• Hello lovelies! So, given that September is officially spring and the season for new beginnings, spring cleanings, re-evaluations of self, health and wealth (ie. a coutdown to swimming costume season – eek!) and that there is a general feeling of purpose in the air, i was only too happy to be asked to take part in a Glass Recycling Blogger Challenge – care of The Glass Recycling Company who are celebrating their 10 year anniversary. The challenge? To document my own efforts in glass recycling and to hopefully inspire some of you to make changes in your glass consumption and recycling at home and work.

    Did you know only 41% of South Africa’s glass bottles and jars are being recycled?

    We already recycle our glass and after a festive weekend entertaining friends, i can say that we really contribute to our local glass bank in a big way. Sheesh, all those wine bottles! (Just to be clear – it’s not me, lovelies – i haven’t drunk in over a year – i blame The Captain and our mates 😉

    But there are other places we can make changes…here are some thoughts..

    How nice are these recycling bins from Pedersen & Lennard?


    • No glass should be making it into any municipal refuse removal. Make sure you have a dedicated glass recycling container at home and commit to recycling all the glass you no longer have a use for by taking it to your closest glass bank. WHAT WE DO We have a plastic container that sits outside our back kitchen door – it’s not particularly glamorous but it works – we empty it every couple of weeks. What i actually want is a recycling bin from Pedersen & Lennard…see above


    • Work towards using less plastic and more glass in our daily lives – swop plastic storage containers in your pantry for glass jars, use glass water bottles instead of plastic ones at the gym and in the kitchen, decant refill detergents into reusable glass containers. WHAT WE DO I use Consol jars for almost all of our dry goods but for some reason my baking supplies hadn’t been sorted, so that’s another thing on my house-sorting to do list. I am going to decant all our decorations and ingredients into glass jars rather than plastic containers. The children actually got us into glass bottles for drinking a while ago and they take their lunch salads to school in Consol My Jars and i love the idea of having a cooldrink dispenser filled with cleaning supplies like fabric softener – that way you only have to buy refills to top up your supplies. 

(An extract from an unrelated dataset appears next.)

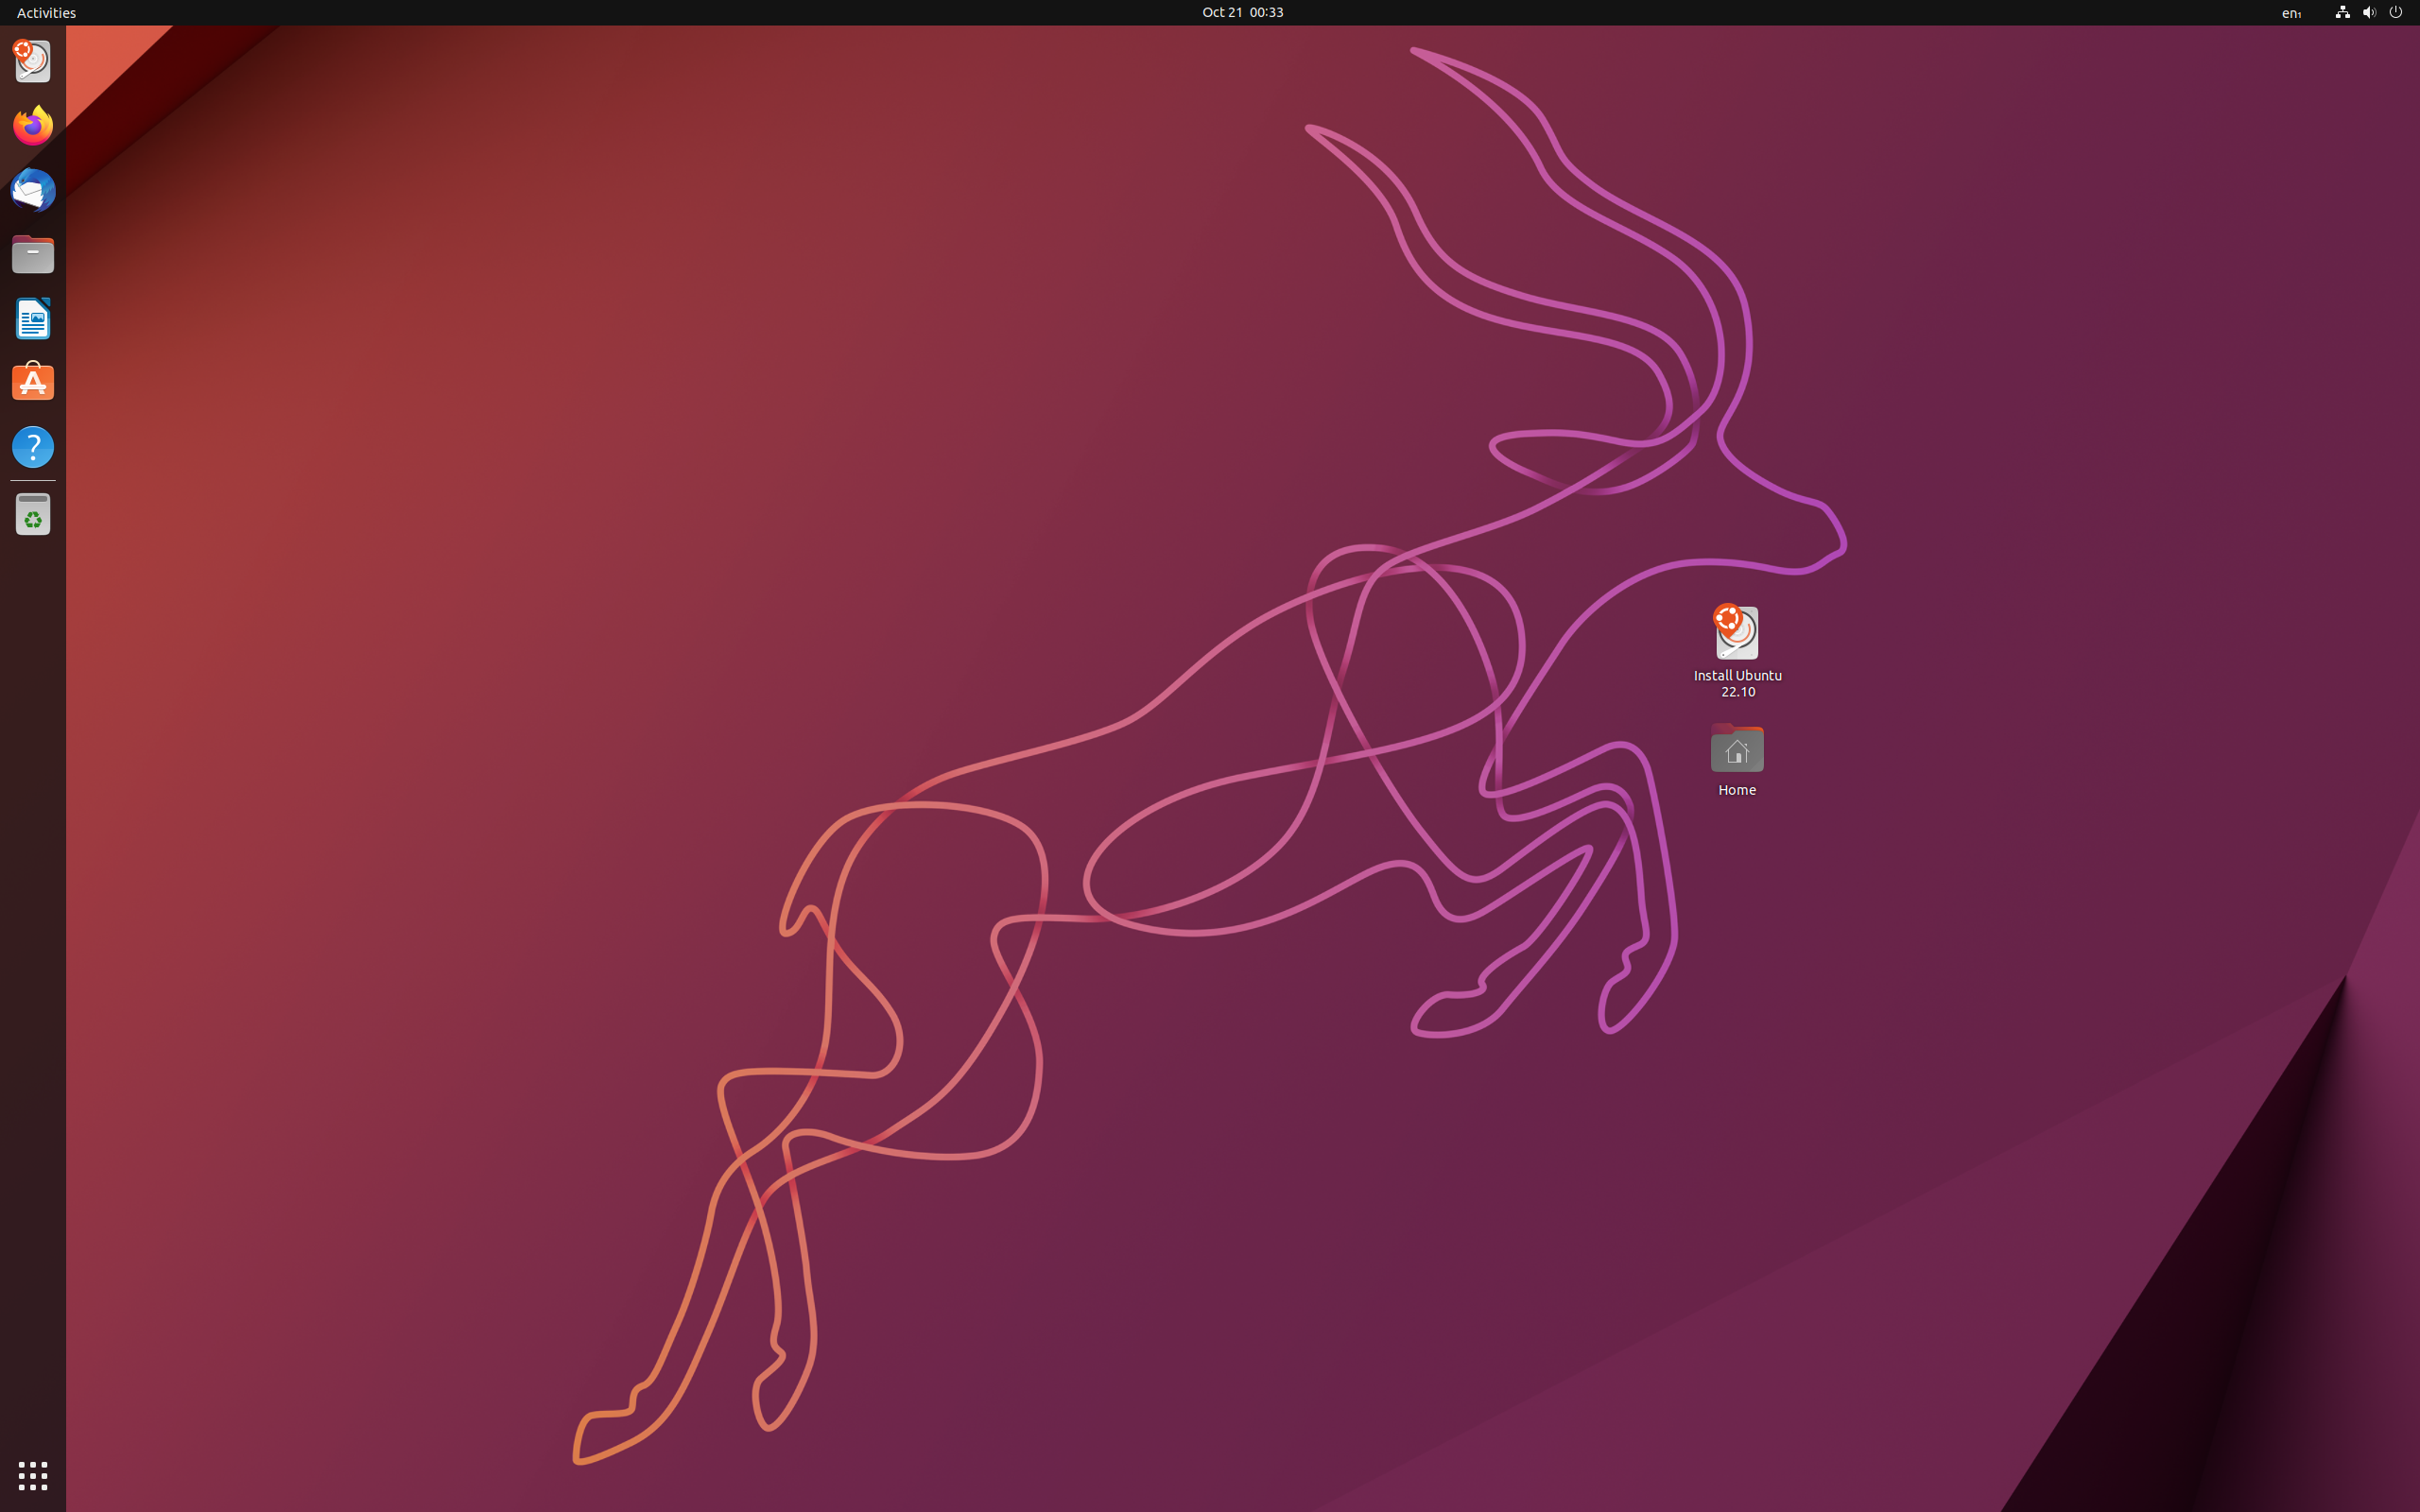 Rilasciata Ubuntu 22.10 “Kinetic Kudu” con GNOME 43 e Linux 5.19

    • Ask your favourite restaurants and retailers about their glass recycling habits and encourage them to get a free glass bank (apply online at www.tgrc.co.za) WHAT WE DO I had no idea this was something we as the public could drive, so from now on i’m going to get vocal, asking shops and restaurants what they do with their glass. Also, WHY do restaurants still serve bottled water and not bring a carafe of filtered water to the table -i’m happy to pay, just don’t bring me plastic!

    • Glass banks are free – ask your school to apply for one so families can drop their glass recycling off on the school run. WHAT WE DO Again, i didn’t know glass banks were free – i think every school should have one, don’t you? Visit The Glass Recycling Company to apply for one.

    If you don’t know where your closest bank is, SMS the name of your suburb to 32310 and you’ll receive a response regarding your closest glass bank.

    Hope this has sparked something in you to up your glass recycling. I was shocked at the 41% statistic! What do you do to recycle glass at home?


  • 2 Comments to “Getting to Grips with Glass Recycling”

    1. Lois Carol Wessels on

      Have recycling for years – it is 2nd nature now!

    2. Marike Gous on

      YES YES YES! Let’s all do this and make a difference!

      Ensure restaurants, bars and shopping malls all recycling their glass, even office parks and complexes should insist on recycling the glass!